Main InChI repository
MIT License
60 stars 7 forks source link

Atomic isotopes need to be fixed #51

Closed stuchalk closed 1 week ago

stuchalk commented 2 weeks ago

This issue is posted based on a request to the submitter (Stuart Chalk) from the BIPM. The BIPM's use case is to unambiguously identify isotopes of atoms that are used in the definition of standards for time and frequency (see https://www.bipm.org/en/publications/mises-en-pratique/standard-frequencies).

The current (and historical) InChI creation of single atoms of common elements is to convert them to the fully protonated form, for example:

whereas for other atoms of isotopes of other elements InChI gives what would be expected of a single atom.

Please consider this a request to update the InChI code to improve the consistency of InChI generation.

gblanke02 commented 1 week ago

Carbane14 taken from PubChem is 14CH4 resluting in InChI=1S/CH4/h1H4/i1+2 (InChI Web demo) or as molfile

Ketcher 9 42417212D 1 1.00000 0.00000 0

1 0 0 0 0 0 0 0 0 0999 V2000 2.4500 -2.4000 0.0000 C 0 0 0 0 0 0 0 0 0 0 0 0 M ISO 1 1 14 M END

If you want to identify cabon14 you have to use elemental Carbon atoms like in the following molfile where the valence of the C atom is set to 0:

ACCLDraw09042417242D

1 0 0 0 0 0 0 0 0 0999 V2000 4.8438 -5.7188 0.0000 C 2 0 3 0 0 15 0 0 0 0 0 0 M ISO 1 1 14 M END The InChI Web demo delivers InChI=1S/C/i1+2 as requested.

Similar is valid for methane and carbene.

About Germanium: Like for the C compounds discussed above you have to differentiate between GeH4 and elemental Ge resulting in InChI=1S/GeH4/h1H4/i1+12 for 85GeH4 and InChI=1S/Ge/i1+12 for 85Ge. in PubChem you find the second representation type (unlike the first verion for the C atoms).

According to these results it looks like that the InchI does it job if the correct molfile is entered.

Tools used: InChI-Web-Demo: https://iupac-inchi.github.io/InChI-Web-Demo/ with InChI 1.07.1 on $-September-2024 Biovia/Draw (2017) to build the elemental representations for C and Ge. (Sketcher - the chemical editor used in the InChI-Web-demo - delivers an incomplete molfile for the "elemntal case". Therefore Biovia/Draw was used to build the molfile that was filled into the molfile calculation section of the InChI-Web_demo.

stuchalk commented 1 week ago

Thanks for the quick response to this issue.

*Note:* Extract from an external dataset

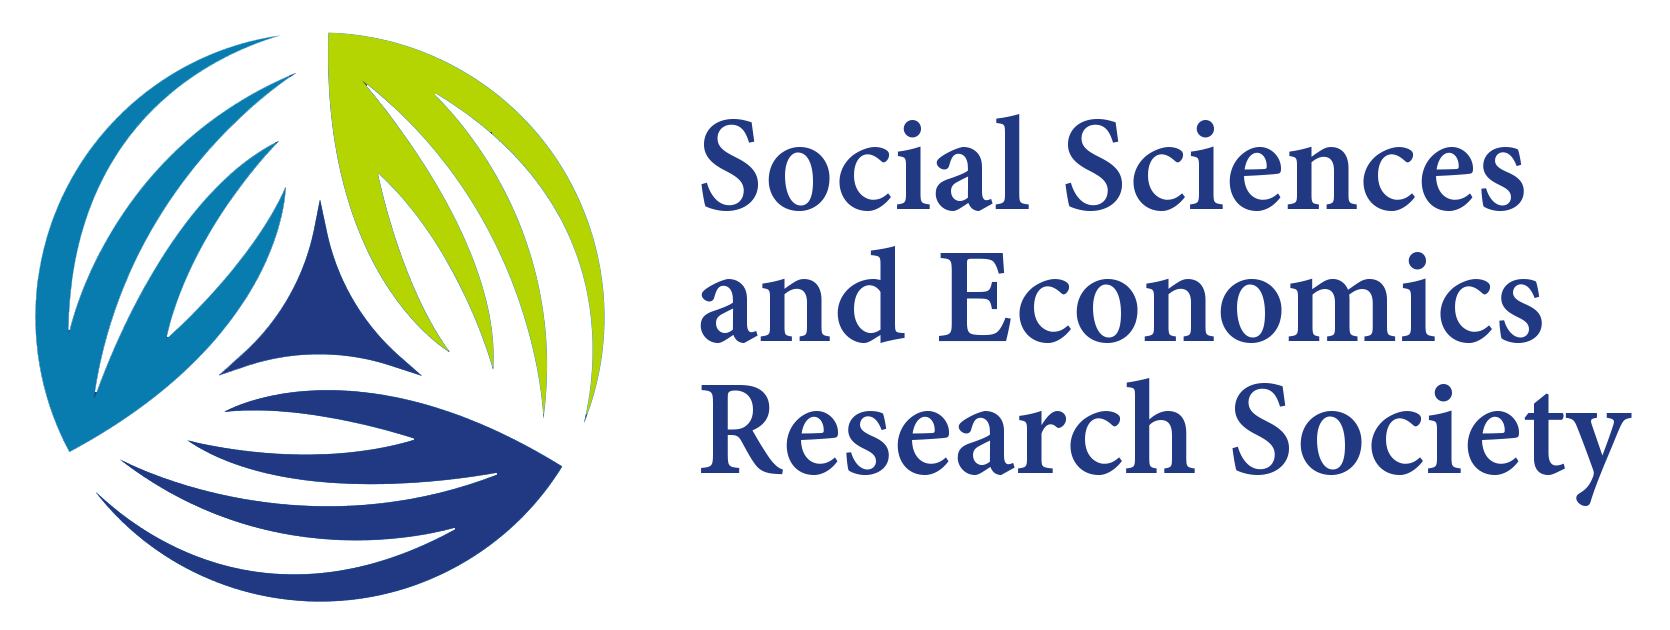 SSERS 4th International Conference on  Social Sciences, Economics, Business Management & Humanities

This makes complete sense to me that it is a molfile issue. Let me circle back to PubChem with this information...

gblanke02 commented 1 week ago

Beacsue this is a creation issue of the molfie that is digested by InChI the issue is under control of the molfile creator. In the examples above it depends on the rules of PubChem. What has been recognized that the sketcher editor used in the InChI Web Demo is not able to create the appropriate molfiles as well. Instead we nused Biovia/Draw 2017 and copied the molfile into the "molfile section" of the InChI Web Demo.

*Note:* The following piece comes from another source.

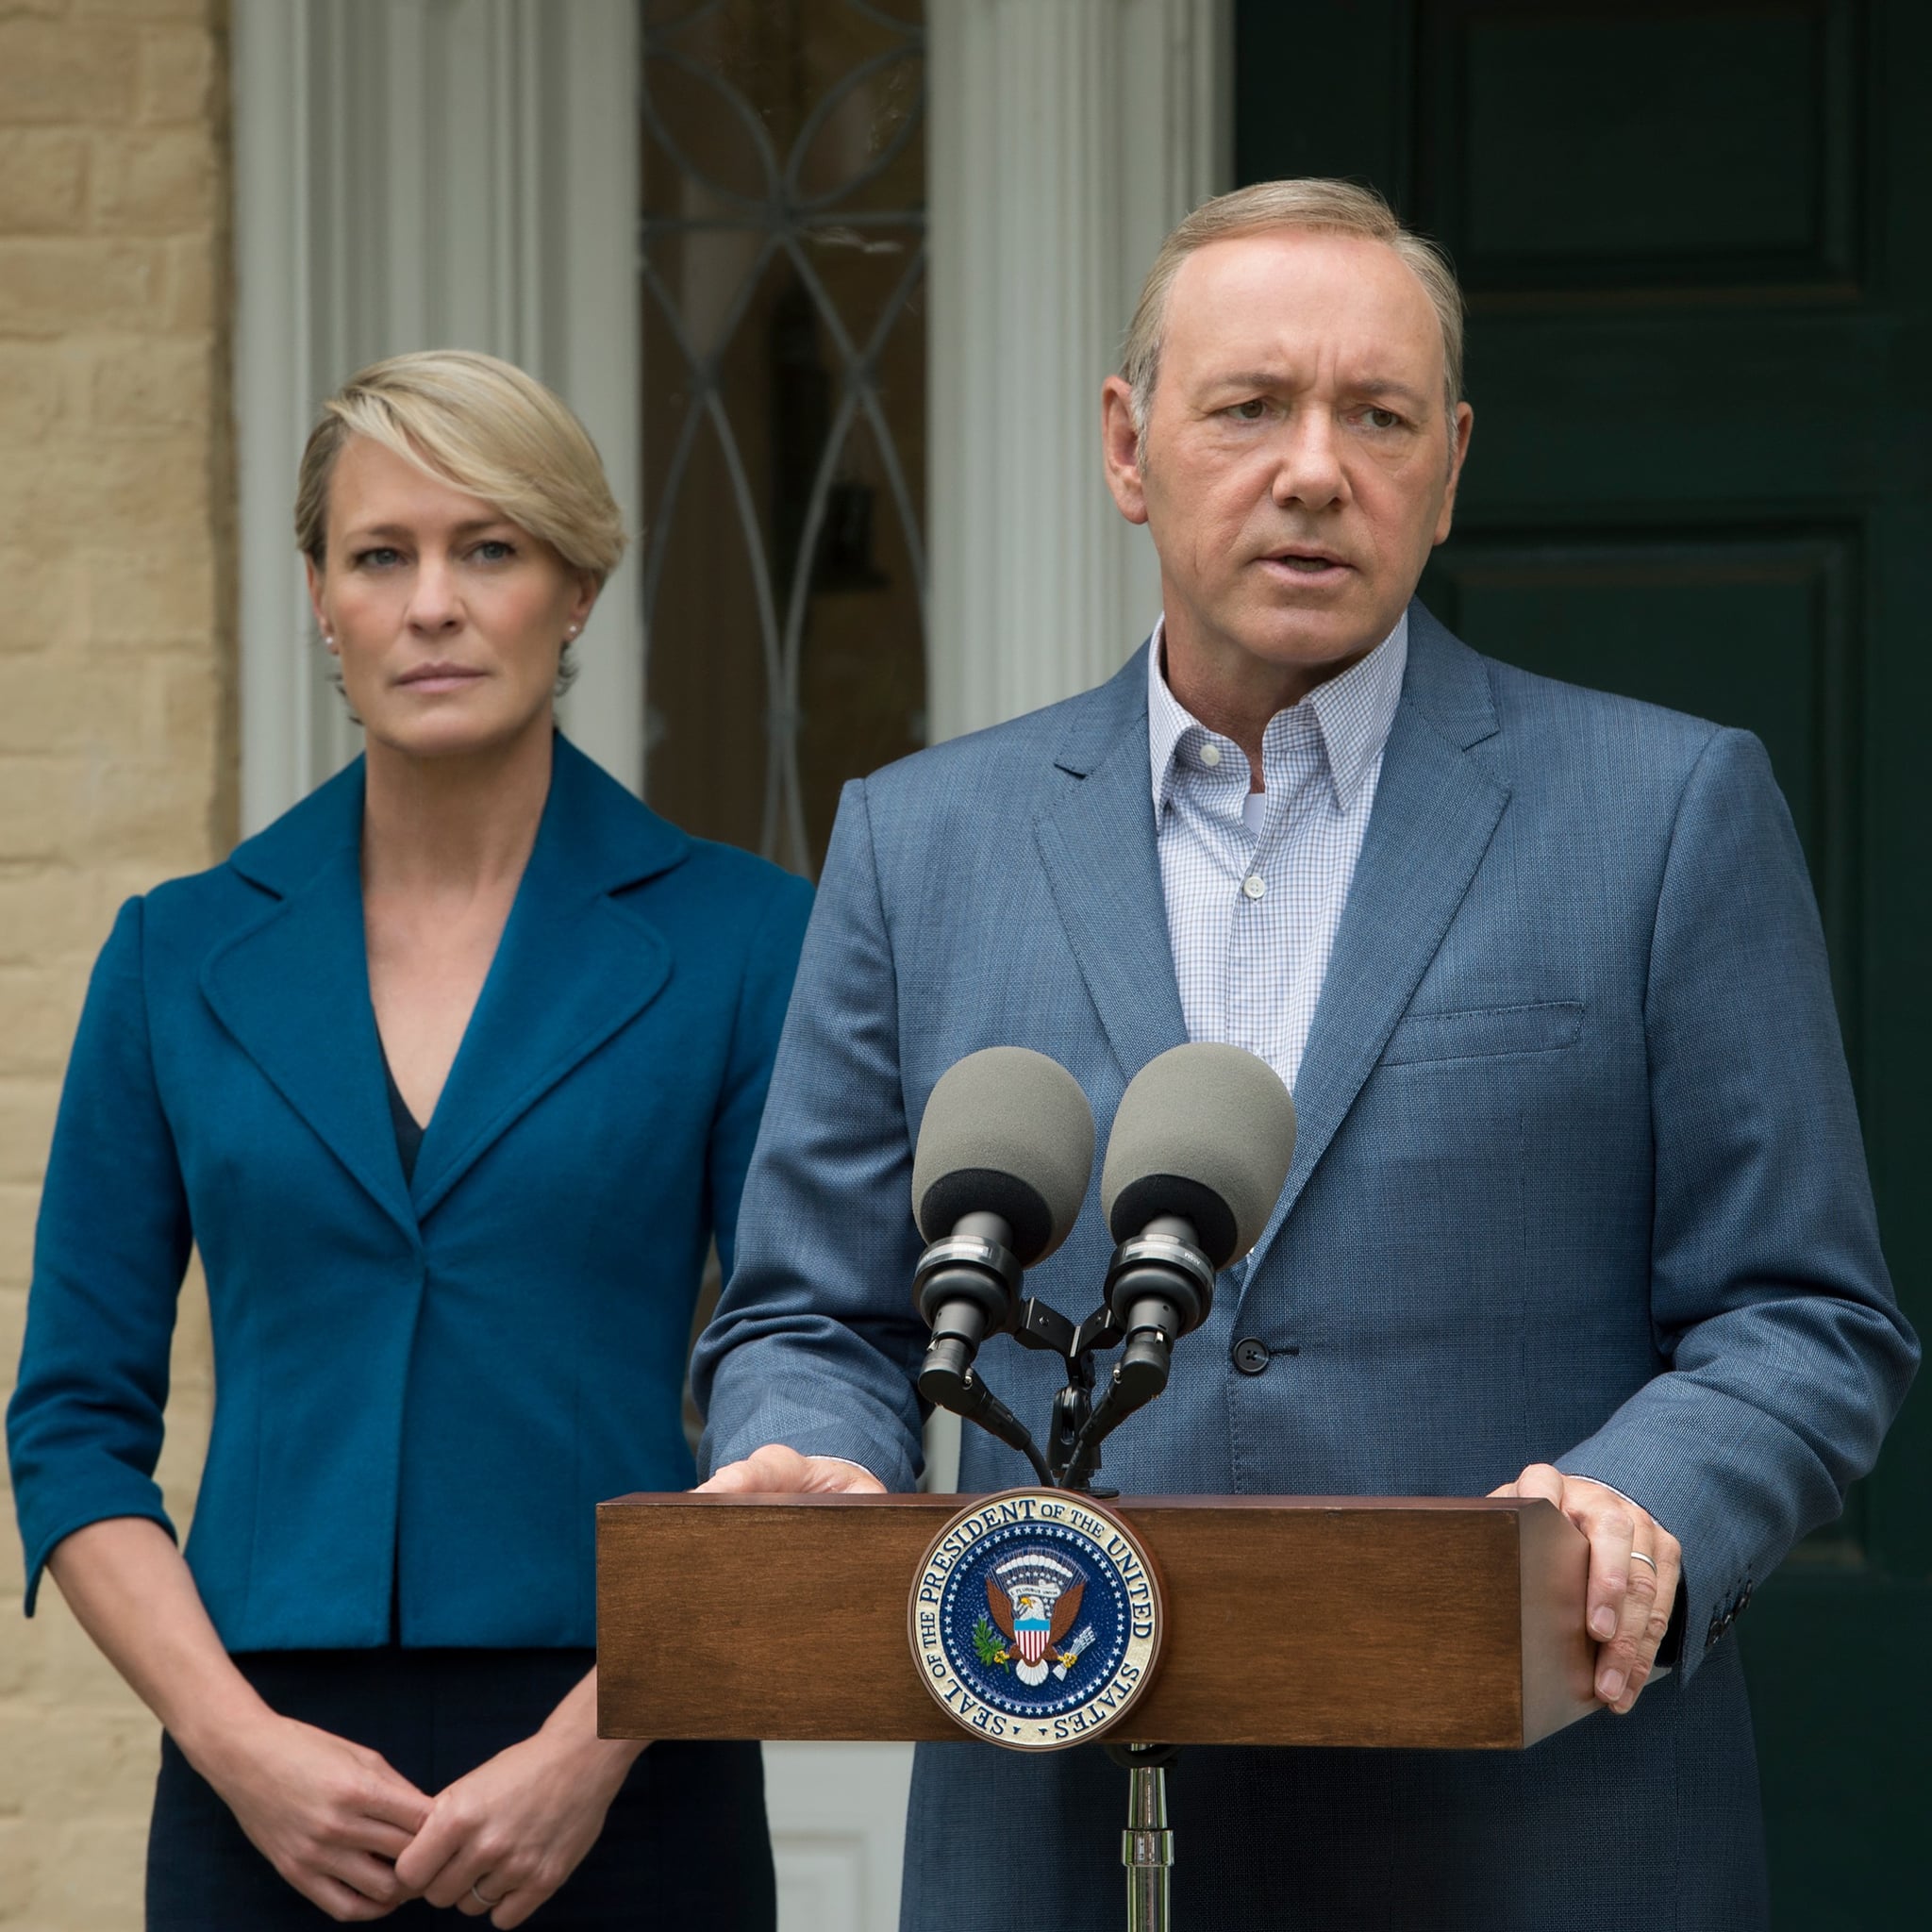 house of cards season 4 episode 1 review

flange-ipb commented 1 week ago

What has been recognized that the sketcher editor used in the InChI Web Demo is not able to create the appropriate molfiles as well.

Unfortunately, the Ketcher structure editor we use in the InChI Web Demo has a bug in its Molfile export function where the valence 0 of atoms is not taken into account. I already submitted a bug report.